Common Log File Locations


    Web Servers:
        Nginx:
            Access Logs: /var/log/nginx/access.log
            Error Logs: /var/log/nginx/error.log
        Apache:
            Access Logs: /var/log/apache2/access.log
            Error Logs: /var/log/apache2/error.log

    Databases:
        MySQL:
            Error Logs: /var/log/mysql/error.log
        PostgreSQL:
            Error and Activity Logs: /var/log/postgresql/postgresql-{version}-main.log

    Web Applications:
        PHP:
            Error Logs: /var/log/php/error.log

    Operating Systems:
        Linux:
            General System Logs: /var/log/syslog
            Authentication Logs: /var/log/auth.log

    Firewalls and IDS/IPS:
        iptables:
            Firewall Logs: /var/log/iptables.log
        Snort:
            Snort Logs: /var/log/snort/

Common Patterns - Abnormal User Behavior

  • Multiple failed login attempts

    • Unusually high numbers of failed logins within a short time may indicate a brute-force attack.

  • Unusual login times

    • Login events outside the user's typical access hours or patterns might signal unauthorized access or compromised accounts.

  • Geographic anomalies

    • Login events from IP addresses in countries the user does not usually access can indicate potential account compromise or suspicious activity.

    • In addition, simultaneous logins from different geographic locations (or indications of impossible travel) may suggest account sharing or unauthorized access.

  • Frequent password changes

    • Log events indicating that a user's password has been changed frequently in a short period may suggest an attempt to hide unauthorized access or take over an account.

  • Unusual user-agent strings

    • In the context of HTTP traffic logs, requests from users with uncommon user-agent strings that deviate from their typical browser may indicate automated attacks or malicious activities.

    • For example, by default, the Nmap scanner will log a user agent containing "Nmap Scripting Engine." The Hydra brute-forcing tool, by default, will include "(Hydra)" in its user-agent.

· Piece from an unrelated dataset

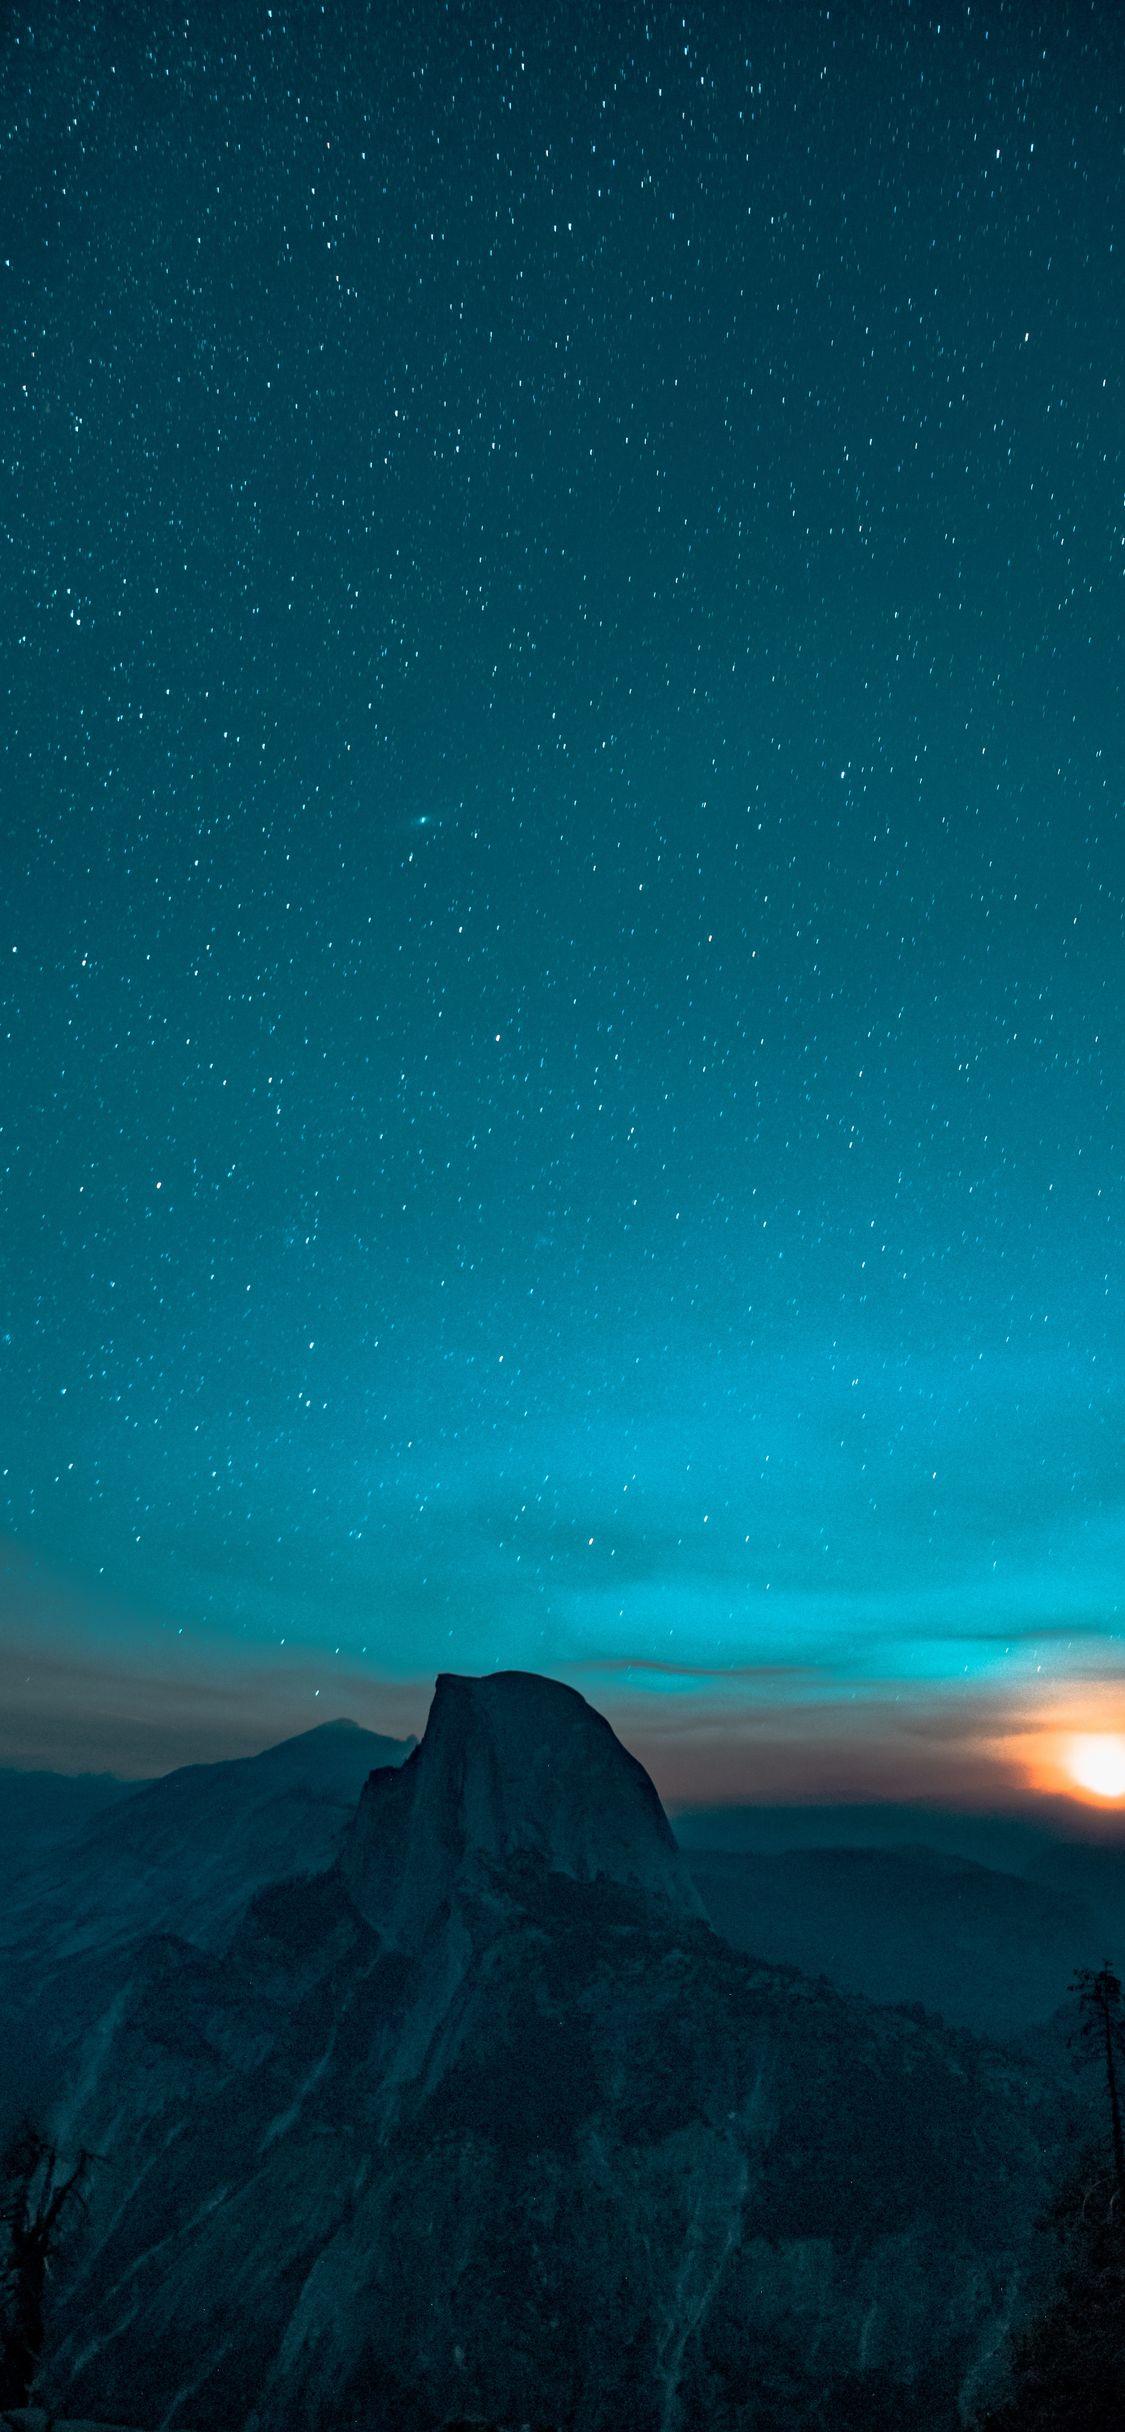 Yosemite-Etats-Unis-nuit-etoilee

These indicators can be useful in log files to detect potential malicious activity.

Common Attack Signatures

SQL Injection

Suspicious SQL queries might contain unexpected characters, such as single quotes ('), comments (--, #), union statements (UNION), or time-based attacks (WAITFOR DELAY, SLEEP()). A useful SQLi payload list to reference can be found here

10.10.61.21 - - [2023-08-02 15:27:42] "GET /products.php?q=books' UNION SELECT null, null, username, password, null FROM users-- HTTP/1.1" 200 3122

In the above example, an SQL injection attempt can be identified by the ' UNION SELECT section of the q= query parameter. The attacker appears to have escaped the SQL query with the single quote and injected a union select statement to retrieve information from the users table in the database. Often, this payload may be URL-encoded, requiring an additional processing step to identify it efficiently.

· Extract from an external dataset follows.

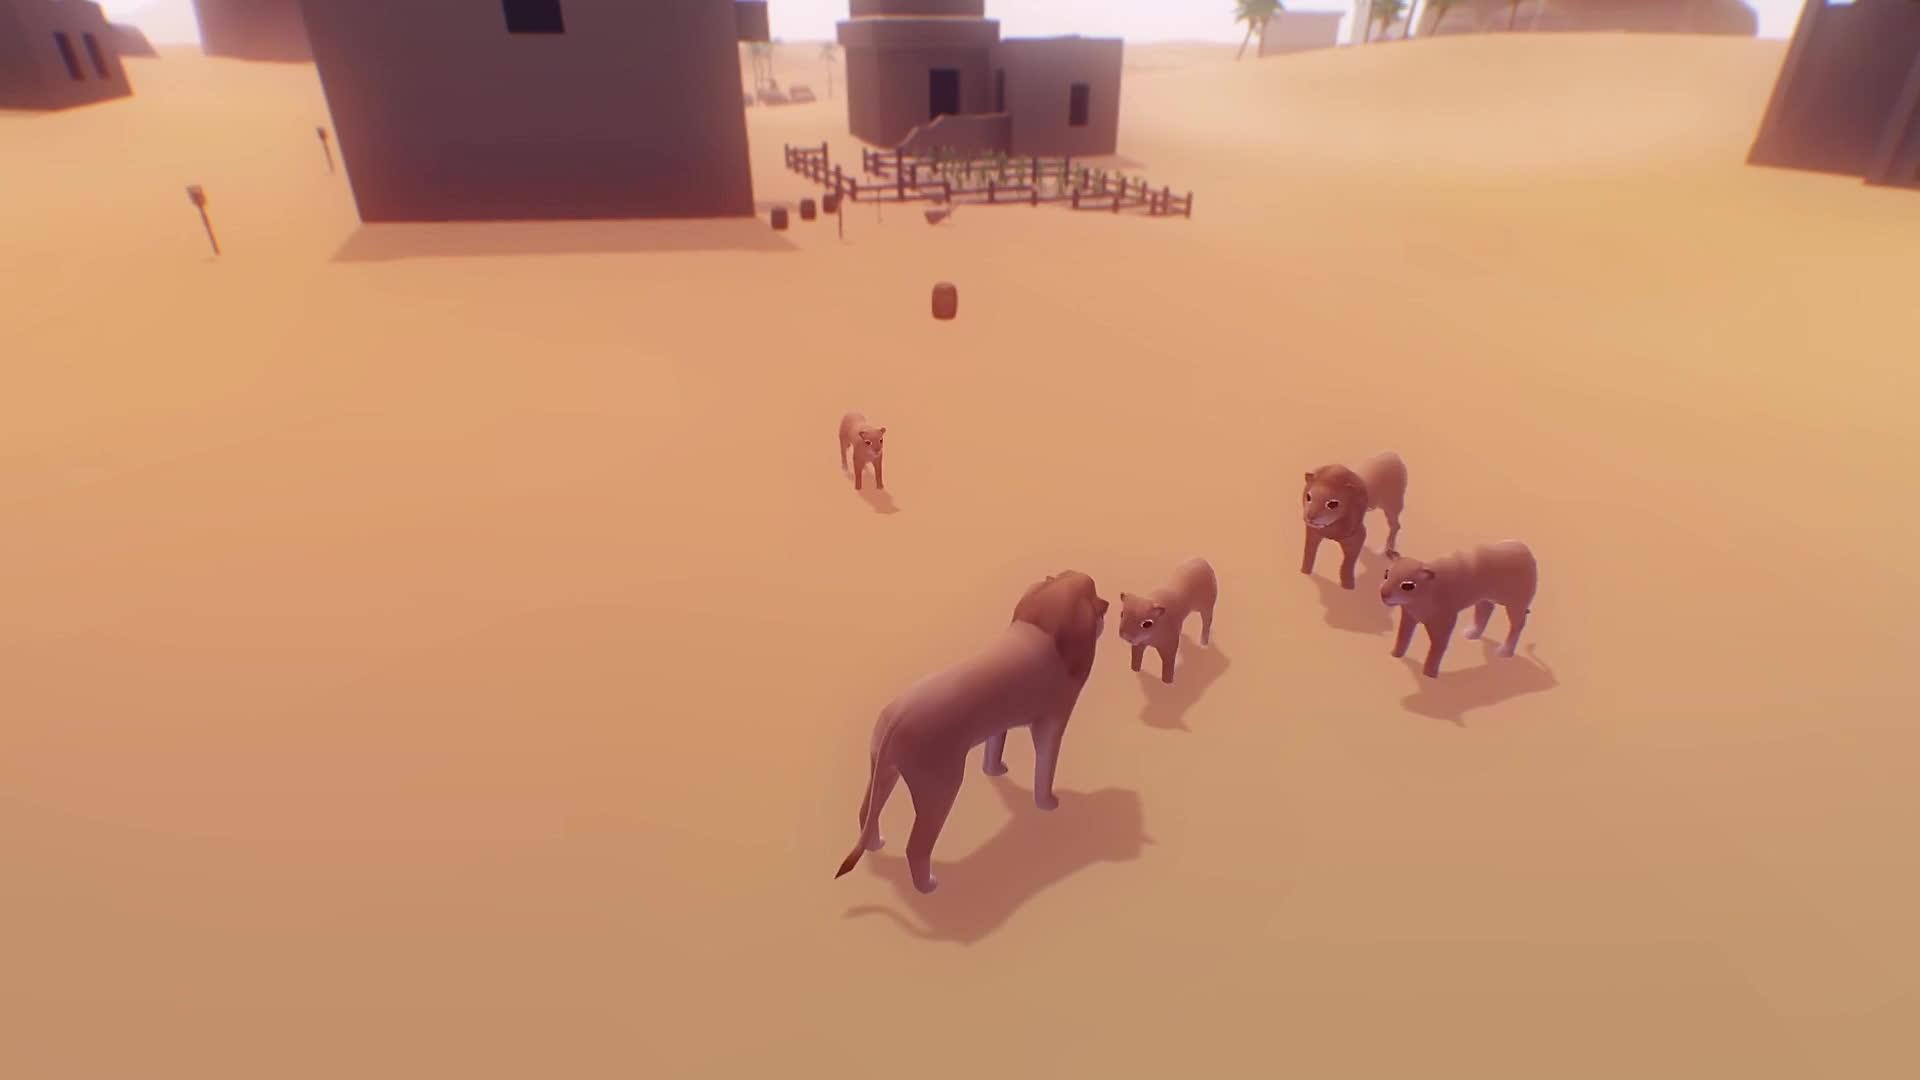 alan watts, david oreilly, gaming, EVERYTHING - Gameplay Trailer | PS4 GIFs

Cross-Site Scripting (XSS)

To identify common XSS attack patterns, it is often helpful to look for log entries with unexpected or unusual input that includes script tags (<script>) and event handlers (onmouseover, onclick, onerror). A useful XSS payload list to reference can be found here.

In the example below, a cross-site scripting attempt can be identified by the <script>alert(1);</script> payload inserted into the search parameter, which is a common testing method for XSS vulnerabilities.

10.10.19.31 - - [2023-08-04 16:12:11] "GET /products.php?search=<script>alert(1);</script> HTTP/1.1" 200 5153

Path Traversal

To identify common traversal attack patterns, look for traversal sequence characters (../ and ../../) and indications of access to sensitive files (/etc/passwd, /etc/shadow). A useful directory traversal payload list to reference can be found here.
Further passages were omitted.